**WHAT YOU WILL DO**
Transcribe, word for word and without additions, each line below from the one containing "Boca Juniors Hd Wallpapers" through the one containing "Applique Embellished Bag", both ends included.

LISTED ENTRIES START

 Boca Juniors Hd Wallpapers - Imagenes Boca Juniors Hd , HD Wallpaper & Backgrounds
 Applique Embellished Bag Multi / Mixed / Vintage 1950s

LISTED ENTRIES END
LISTED ENTRIES START

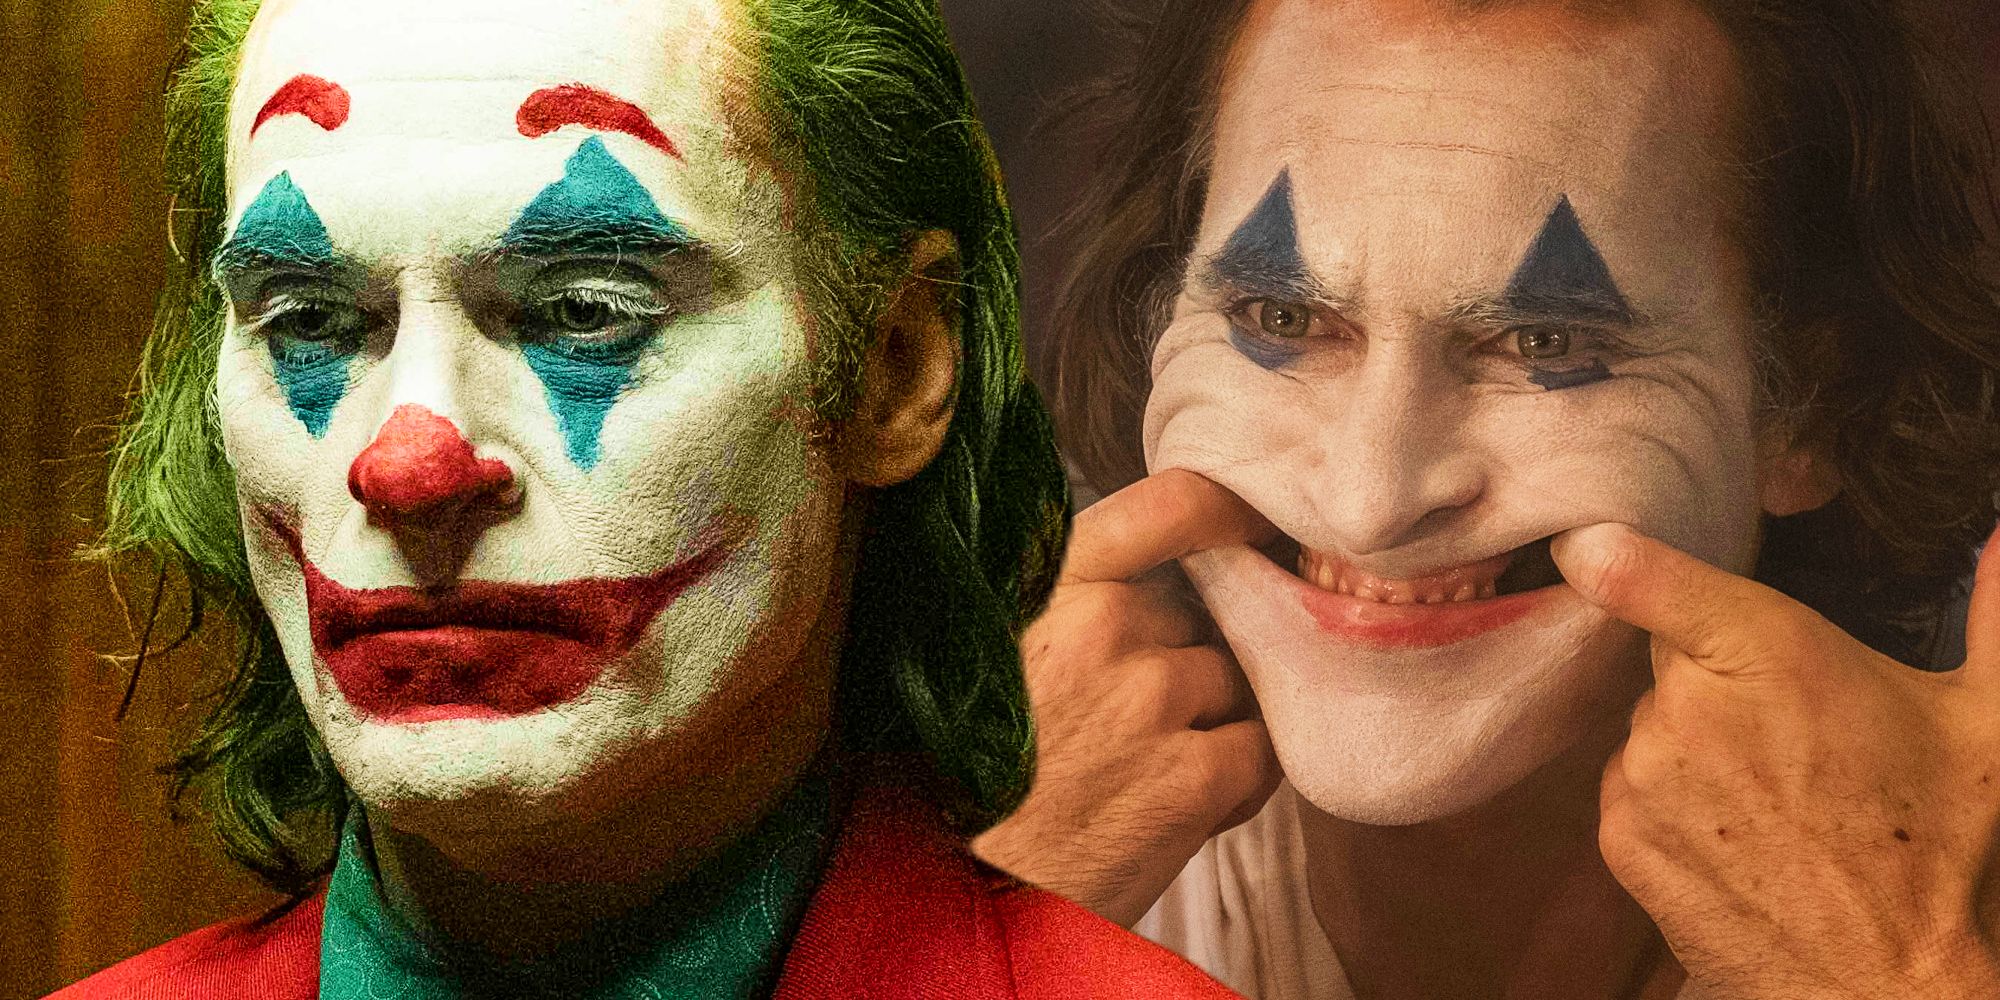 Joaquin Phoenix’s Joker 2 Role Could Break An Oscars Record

LISTED ENTRIES END
LISTED ENTRIES START

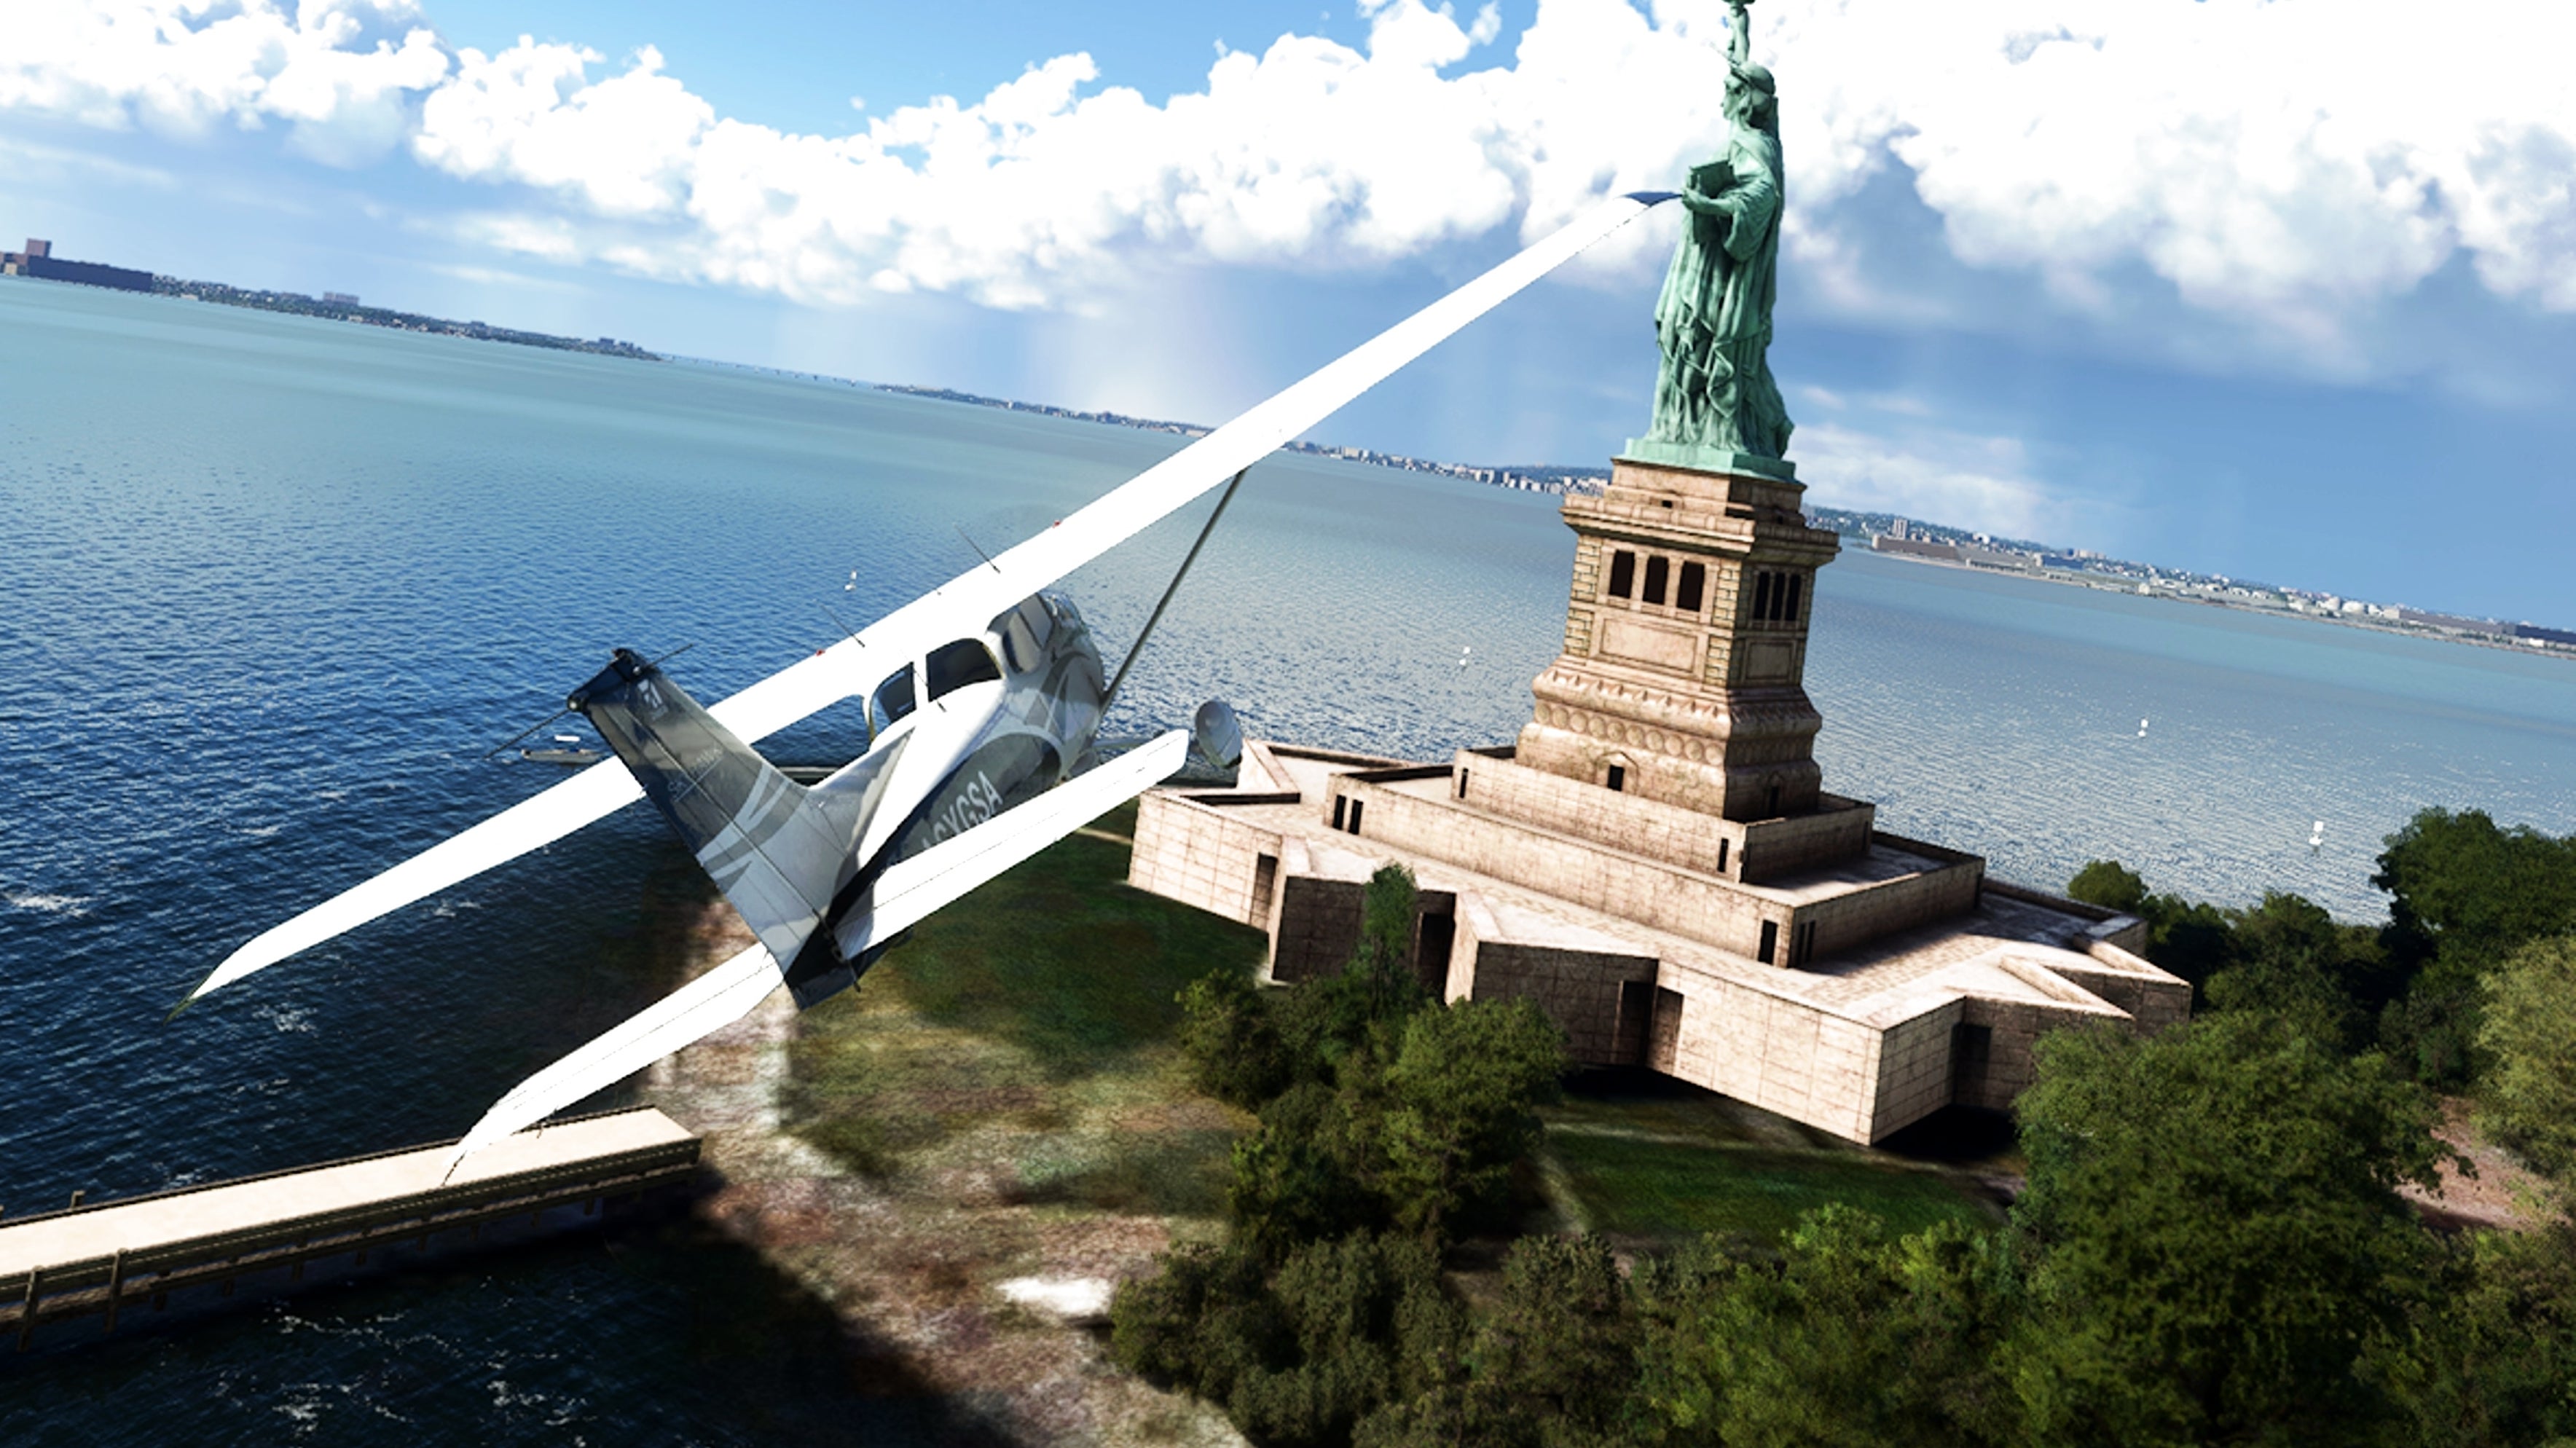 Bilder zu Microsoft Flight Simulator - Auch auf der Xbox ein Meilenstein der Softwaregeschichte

LISTED ENTRIES END

**YOUR SOLUTION**
 Boca Juniors Hd Wallpapers - Imagenes Boca Juniors Hd , HD Wallpaper & Backgrounds
 Applique Embellished Bag Multi / Mixed / Vintage 1950s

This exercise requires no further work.